KANSAS CITY, Missouri (Reuters) – A coalition concerned
about the cultivation of genetically modified crops in wildlife
refuge areas filed suit against the U.S. Interior Department on
Wednesday, saying government workers illegally approved the
planting.

The lawsuit, filed in U.S. District Court in Wilmington,
Delaware, seeks to block further cultivation of the crops at
the Prime Hook refuge outside Dover, Delaware. Prime Hook is
one of more than 500 federal wildlife refuges.

It named as defendants the U.S. Fish & Wildlife Service and
its parent agency, the Interior Department.
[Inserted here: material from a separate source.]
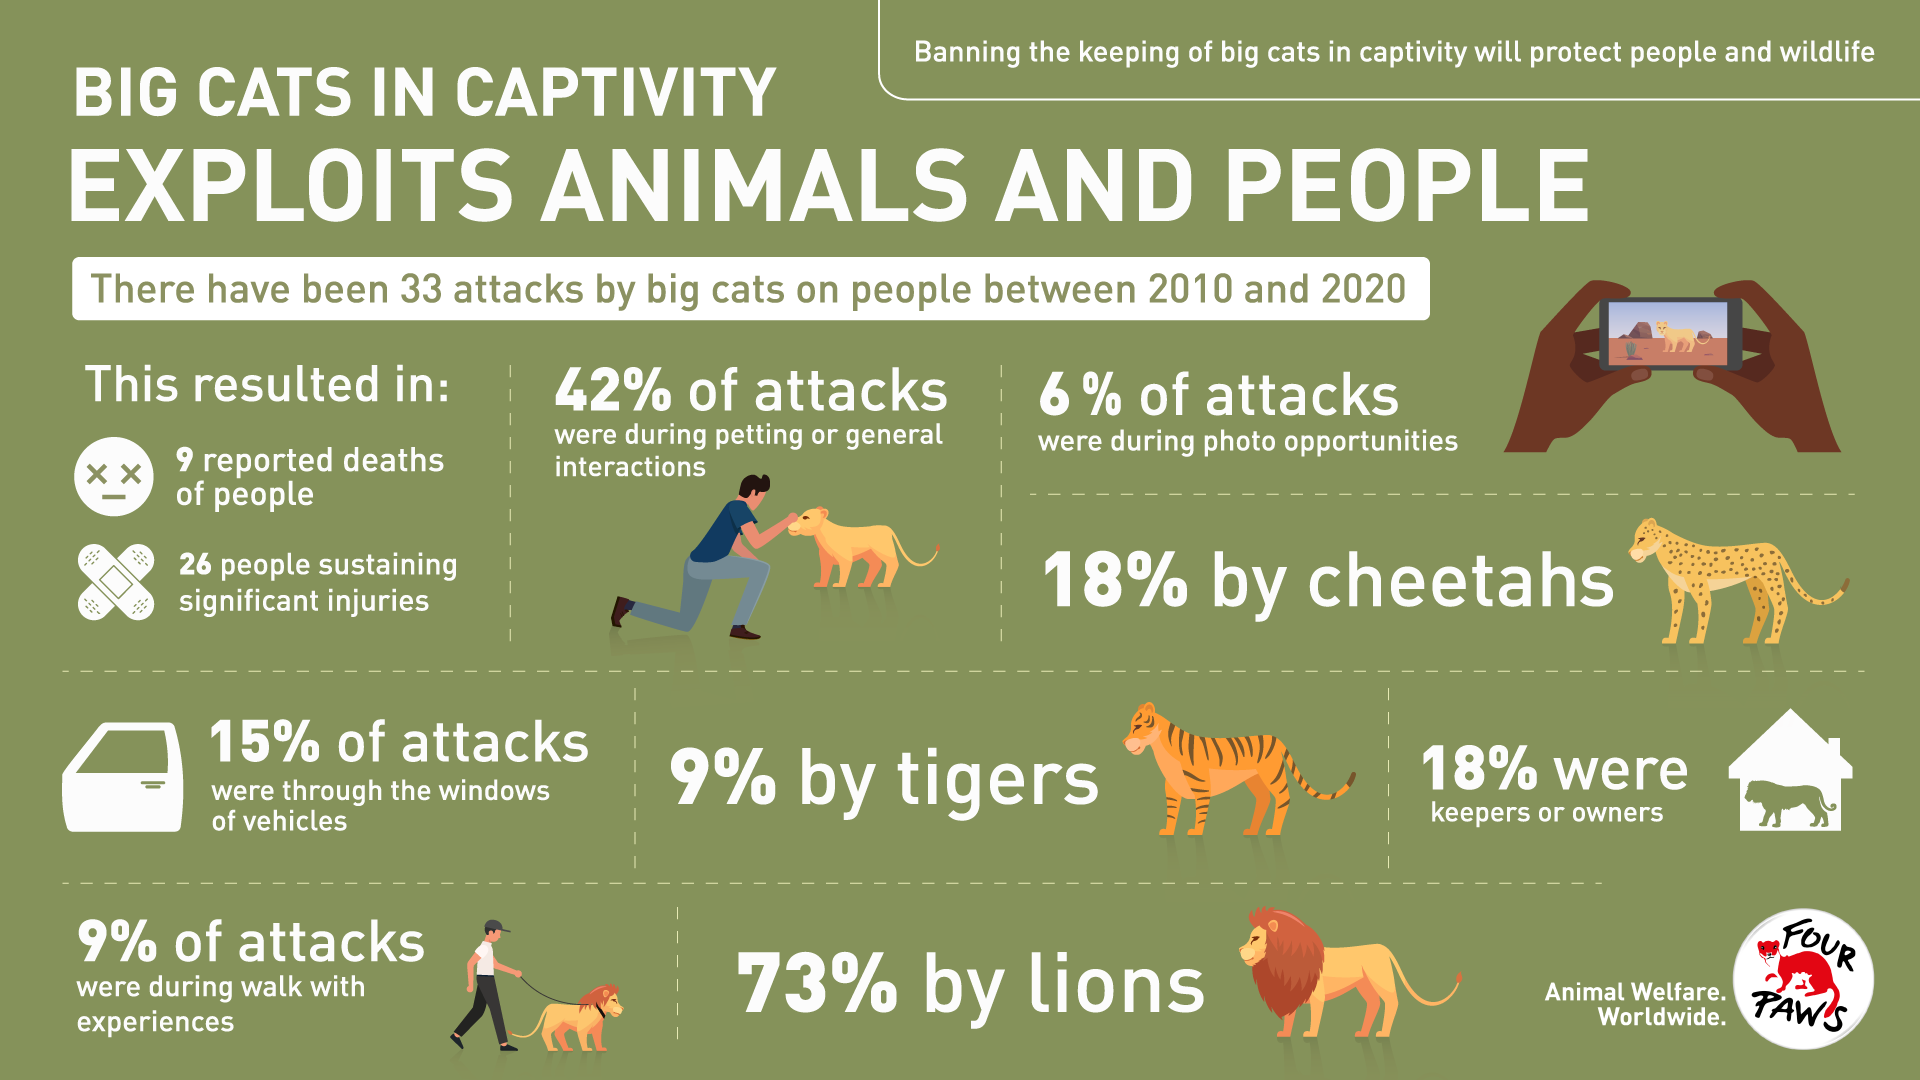 South Africa's Captive Predator Breeding Industry - FOUR PAWS International  - Animal Welfare Organisation

The plaintiffs are
the Delaware Audubon Society, Public Employees for
Environmental Responsibility and the Center for Food Safety.

The plaintiffs said they discovered “a top Bush
administration political appointee” overruled the wildlife
refuge manager in allowing the genetically altered crops to be
planted on land designated as a national wildlife refuge in
violation of department policy.

Officials with Fish and Wildlife and the Interior
Department declined to comment immediately.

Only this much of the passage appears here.